Exercise description:
Pictures must not appear; the answer is exactly the lines from the one that holds "Президент России Владимир" through the end of the material.

Dataset content:
----

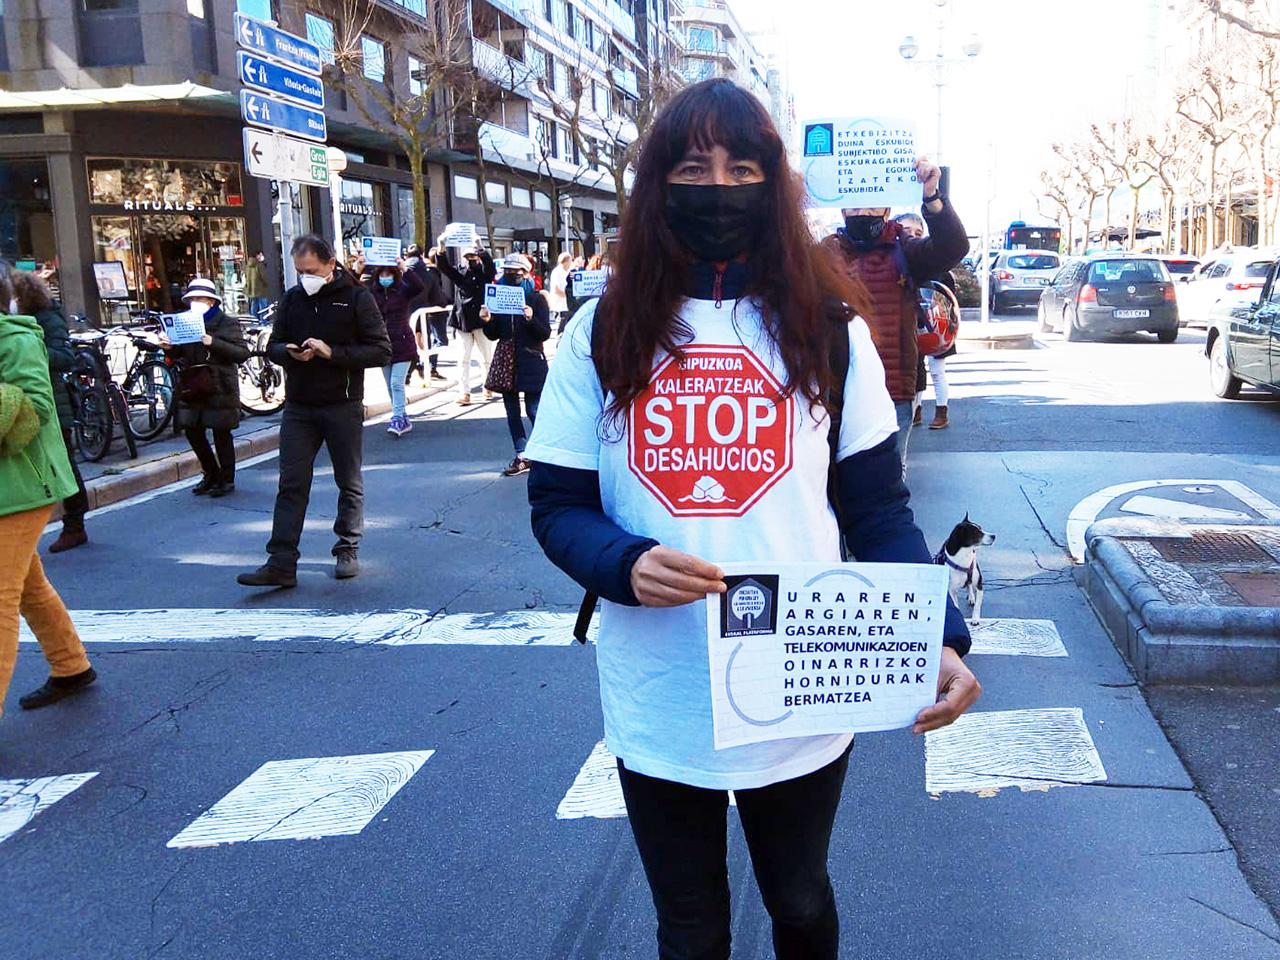 StopDesahucios - Donostia también se manifiesta por el derecho a la vivienda
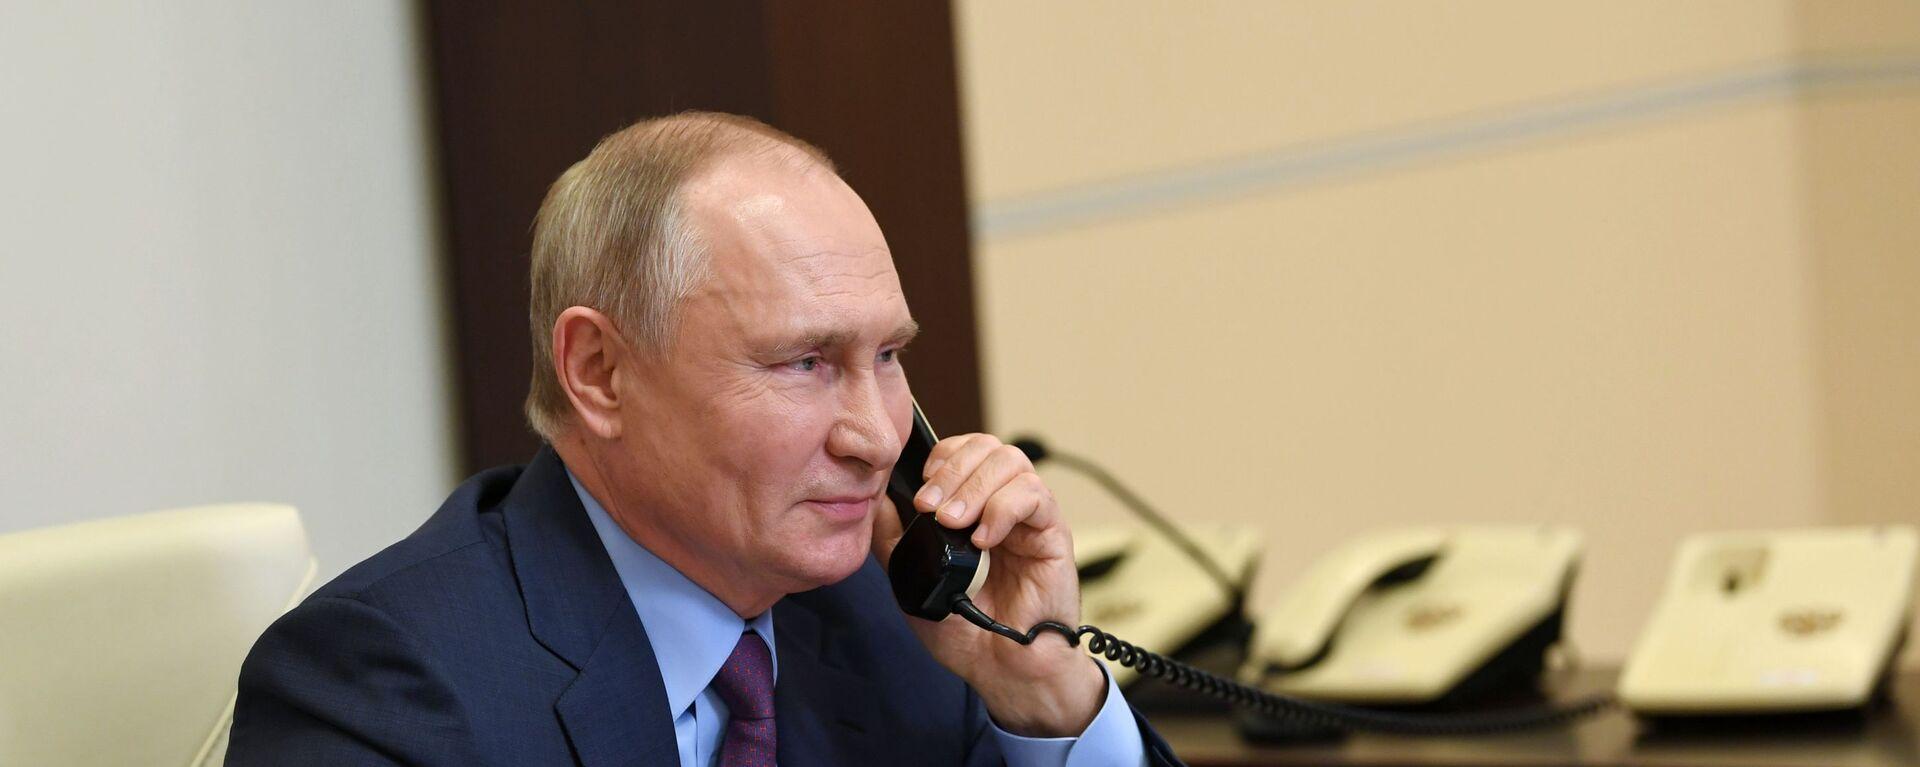 Президент России Владимир Путин, архивное фото - Sputnik Беларусь, 1920, 26.01.2021
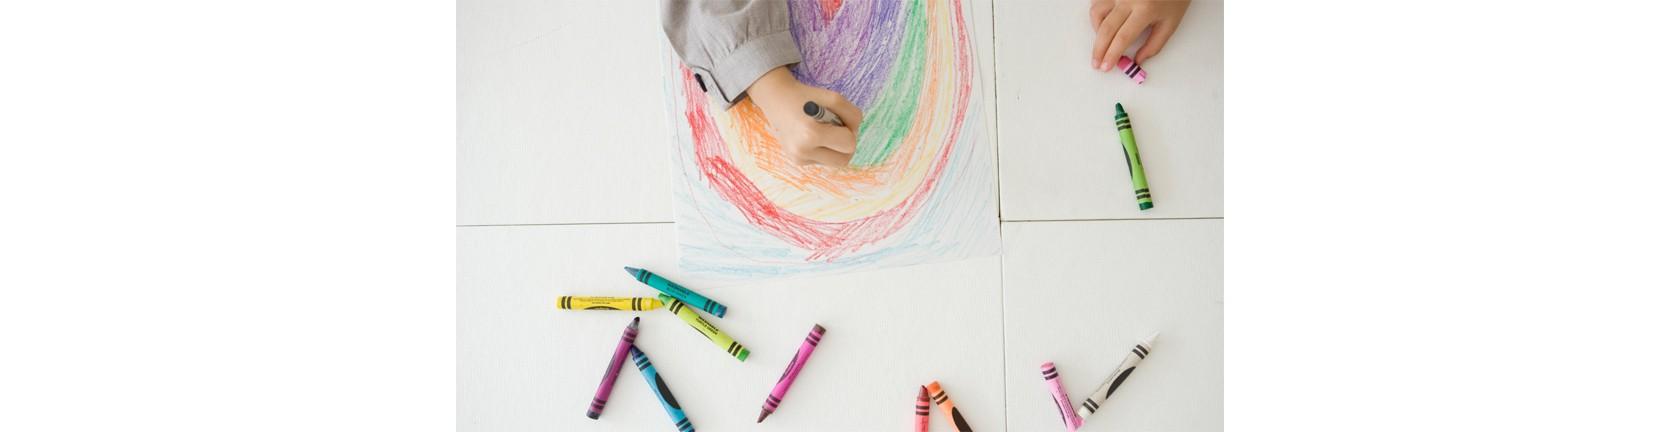 Eine Kinderhand malt mit bunten Wachsmalstiften.

----

Written response:
 Президент России Владимир Путин, архивное фото - Sputnik Беларусь, 1920, 26.01.2021
 Eine Kinderhand malt mit bunten Wachsmalstiften.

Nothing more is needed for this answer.